放課後、誰もいない教室はひどく静かだった。

ぽつん、と席に座って教室を見回すと、いつものあのにぎやかな世界がうそのようで。

まるで、世界が俺ひとりになってしまったような、そんな錯覚に陥った。







泣きたくなるぐらい






窓の外を覗けば、グラウンドで野球部の部員たちが練習に励んでいる。

数えるのも面倒になるくらい、たくさんの部員たちがいるというのに、その中からたった一人の彼をすぐに見つけられるようになったのは、いつからだっただろうか。



ボールをひろう、山本。

ボールを投げる、山本。

バットを握る、山本。

バットをふる、山本。

ホームランを打つ、山本。



俺の瞳にうつる彼は、いつもかっこいい。



野球部のせんぱいに肩を組まれる、山本。

野球部のこうはいにハイタッチをする、山本。

野球部のかんとくにほめられる、山本。

フェンスの向こうの応援に、笑顔で応える、山本。

俺の心はいつも、醜い感情がうずまいている。



そんな笑顔を、俺じゃない他の誰かに向けないで。







またそんなことを思って、あわてて視線を目の前のプリントに戻した。







山本と話していると、胸がぽかぽかとあったかくなる。

山本の笑顔を見ると、胸がざわざわとさわがしくなる。

山本に触れられると、胸がどきどきとばくはつしそうになる。



いつから?山本にそんな感情を抱くようになったのは。



山本が誰かと話しているのを見ると、胸がちくりといたくなる。

山本が誰かに笑顔を向けると、胸がぎゅうっとくるしくなる。

山本が誰かに触れるのを見ると、胸がどくどくと変なおとをたてる。





やめて。
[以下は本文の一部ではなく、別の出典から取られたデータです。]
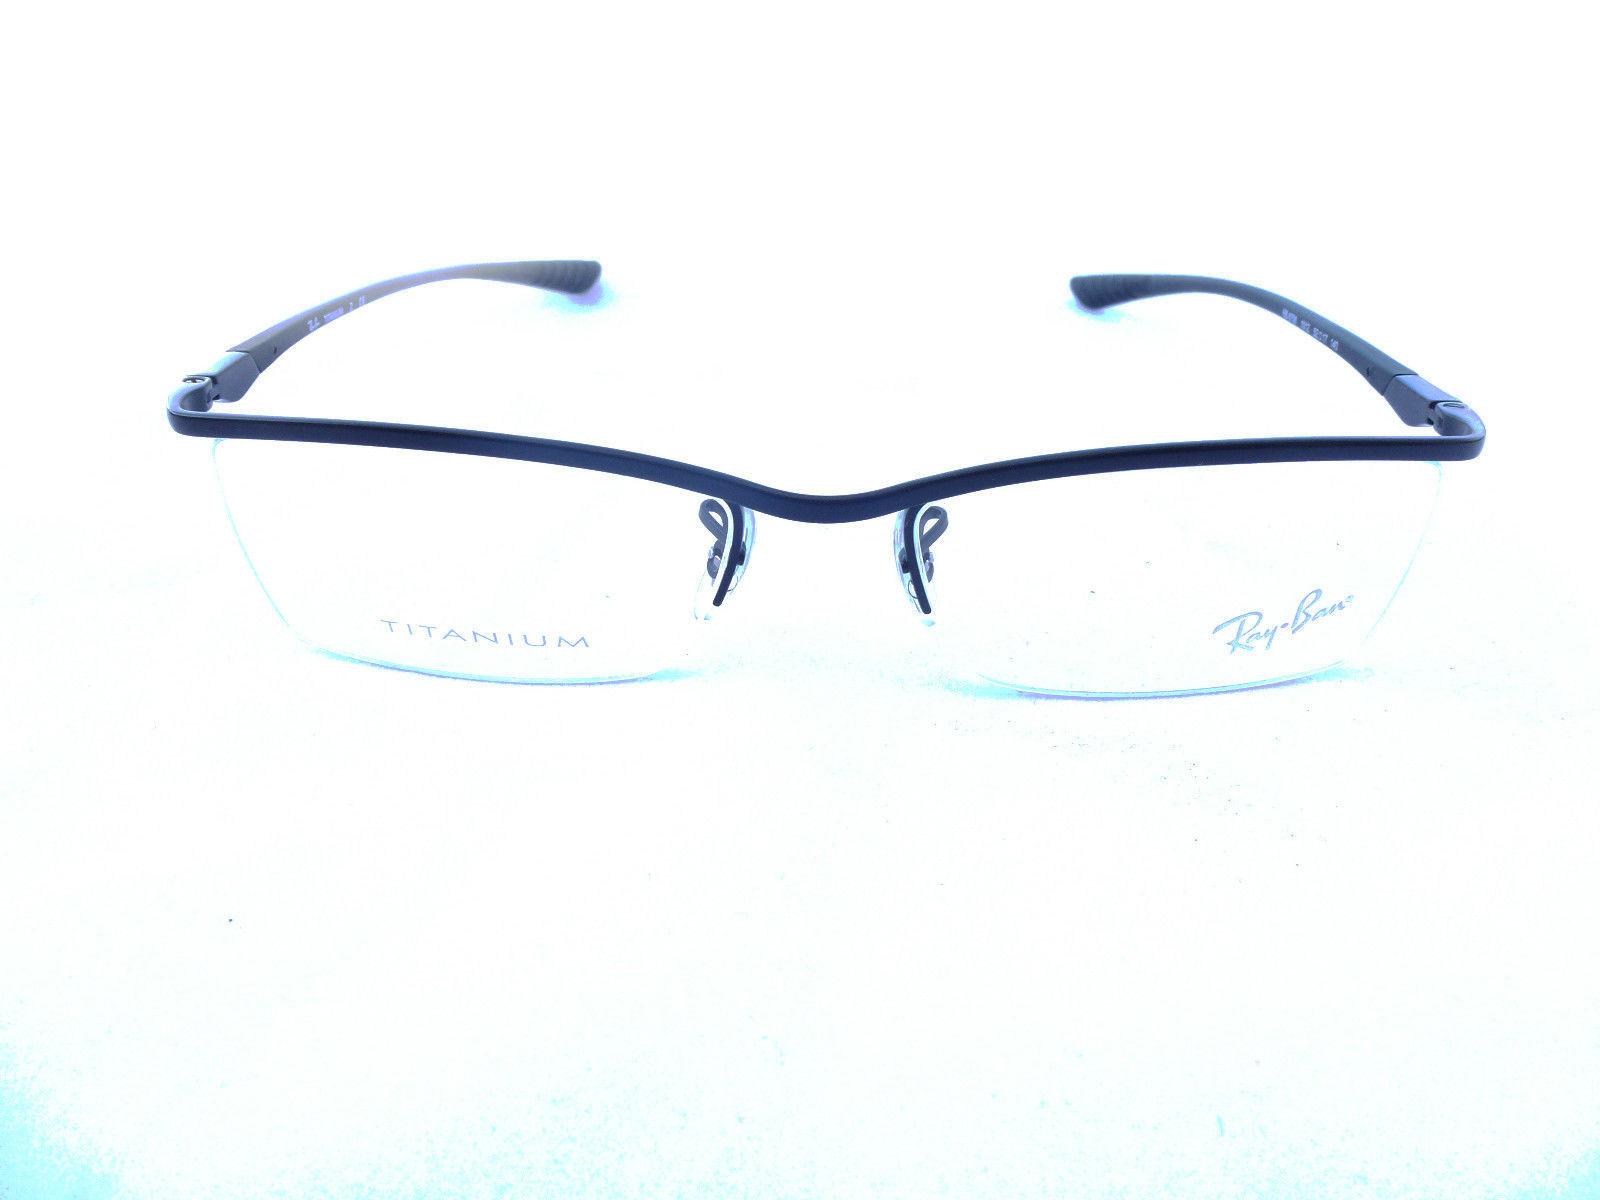 e6226e3e989 Ray Ban Titanium Frame Price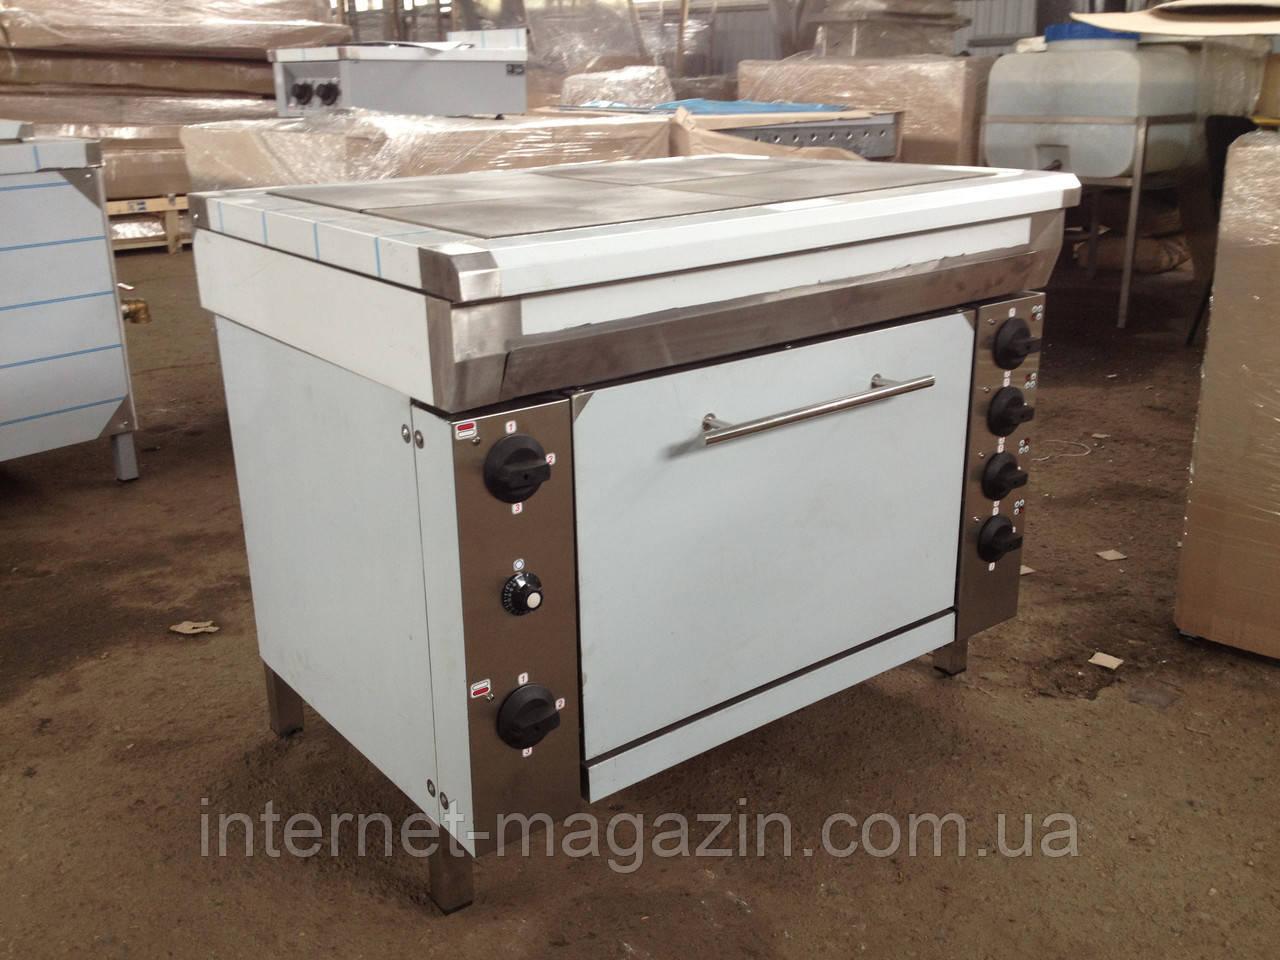 Плита промышленная с духовым шкафом 4-конфорочная

さわらないで。その手は俺の、





いつから?山本の周りにいる誰かにそんな感情を抱くようになったのは。

友達だよって。親友だなって。笑ってくれた山本をそんな目で見るようになってしまったのは。











いったいいつから?











こんな俺の心を知ってしまったら、山本は俺のこときらいになるかな?きもちわるいって思うかな?

ツナなんかともだちじゃないって言われちゃうかな?

そんなのいやだよ。山本がいなくなったら俺は、









こんな感情、しんじゃえばいいんだ。









「お、ツナ。今かえり?」

「・・やまもと・・・」

「ちょっと待っててな、俺も今帰るとこだから。一緒に帰ろーぜ」



あぁまた俺は、あの笑顔をひとりじめしたいって思った。

バカツナ。山本は大切なしんゆうなのに。そんなこと思っちゃダメなんだ。

だけど、そう思えば思うほどこの醜い感情はどんどん大きくなって。もうすぐ容量オーバーで爆発しちゃう。







助けて、山本。苦しいよ。







「ツナ!」







くるしくてくるしくて、泣きたくなるくらい山本がすきなんだ。